What about the guy/gal you met who was so perfect for you? Always calling and texting sweet nonsense? They stop showing the love and we want that back. That's our 'proof' we are loved and how dare they take that away? If we keep waiting for him or her to change, or change back, we are living in lala land. People DO change, however for now, all you can do is to change YOU.
Are you one of those people who keep mental or even physical lists? I called him the last 3 times and the last 4 dates, I was the one who suggested where we go. I sent him a cute card and he has never given me a card. I bought a sexy teddy and he never even complimented me on it.

Do you break up and make up hoping the thought of losing you forever will make him change?
What if he did that to you? "I am breaking it off because you expect 3 texts and a phone call a day". Then a month later he gets back with you hoping now you will be content with just a text. Mean and manipulative, don't you think?

If you want the perfect man for you, you have to be the perfect woman for him. YIKES no one person is perfect. So the answer is being the best you can be for yourself.

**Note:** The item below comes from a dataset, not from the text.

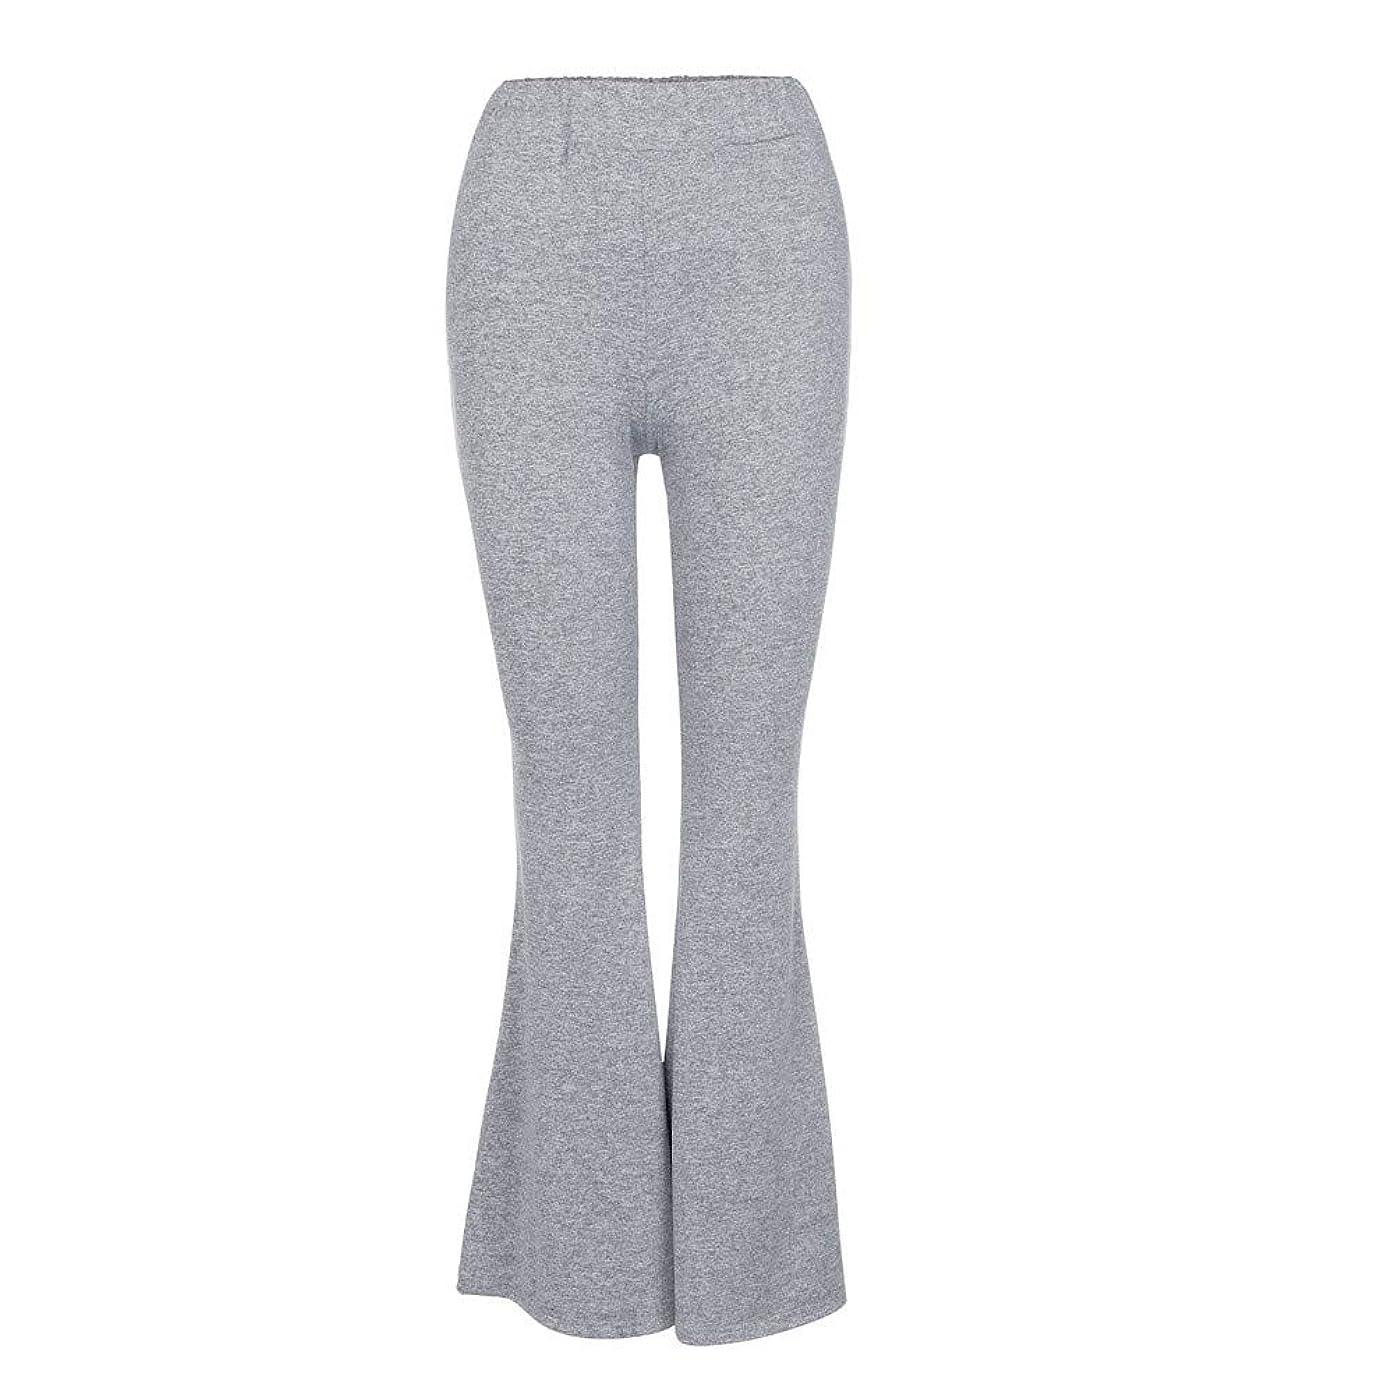 Todaies Womens Wide Leg Lounge Pants,Comfy Stretch Floral Print Drawstring Palazzo Pants … (2XL, Gray)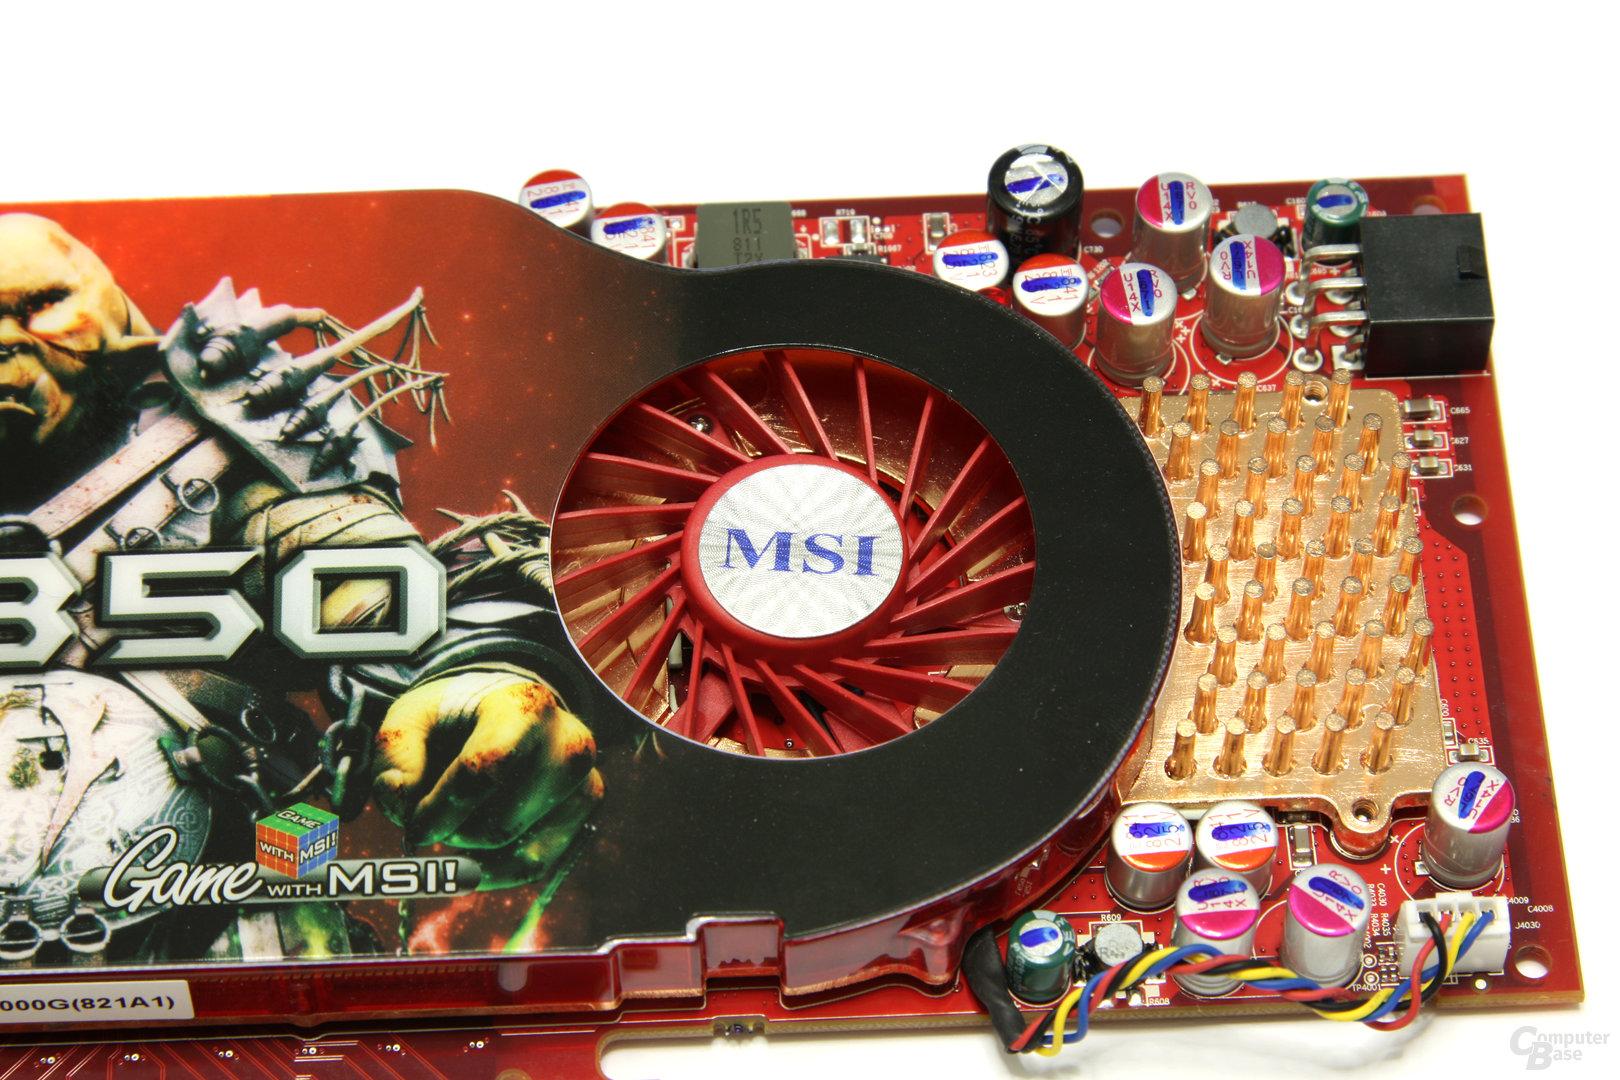 Radeon HD 4850 Lüfter

If 'Joe' is not making you happy, give the poor guy a kiss on the cheek and walk away. Why waste years on a person who has no interest in being with you? Have you told Joe what you want? Are you sending him mixed signals? Think hard what you and especially your actions are saying to him.

Letting Go of the Past

No Trumpets sound when the important decisions of our lives are made. Destiny is made known silently. Agnes de Mille
We can change our lives in the next year by letting go. Letting go of the thoughts that torment us. Like "I need a lover" or "My lover is lousy". How can you attract the lover you want when you are not practicing self love? This is not ego based or selfishness, it is refusing to give those tormenting thoughts, another thought. Just letting them GO because they do not serve you anymore. It's about kindness to self. It's about changing how you feel about yourself and de-stressing as much as you can. It's about feeling good about the decisions you are making to give yourself peace. Because peace and happiness go hand in hand. It's about giving up the man who never stepped up anyhow. Who never saw you for who you are. This is about changing the "If only I had _____" into the "I think I will". It's not about him. It's not about your relationship with him or lack of. It's about your relationship with self. You. Start with you.

"She let go.
Without a thought or a word, she let go.
She let go of the fear.
She let go of the judgments.
She let go of the confluence of opinions swarming around in her head.
She let go of the committee of indecision within her.
She let go of all the 'right' reasons.
Wholly and completely, without hesitation or worry, she just let go.
She didn't ask anyone for advice.
She didn't read a book on how to let go.
She didn't search the scriptures.
She just let go.
She let go of all of the memories that held her back.
She let go of all of the anxiety that kept her from moving forward.
She let go of the planning and all of the calculations about how to do it just right.
She didn't promise to let go.
She didn't journal about it.
She didn't write the projected date in her Day-Timer.
She made no public announcement and put no ad in the paper.
She didn't check the weather report or read her daily horoscope.
She just let go.
She didn't analyze whether she should let go.
She didn't call her friends to discuss the matter.
She didn't do a five-step Spiritual Mind Treatment.
She didn't call the prayer line.
She didn't utter one word.
She just let go.
No one was around when it happened.
There was no applause or congratulations.
No one thanked her or praised her.
No one noticed a thing.
Like a leaf falling from a tree, she just let go.
There was no effort.
There was no struggle.
It wasn't good and it wasn't bad.
It was what it was, and it is just that.
In the space of letting go, she let it all be.
A small smile came over her face.
A light breeze blew through her.
And the sun and the moon shone on her."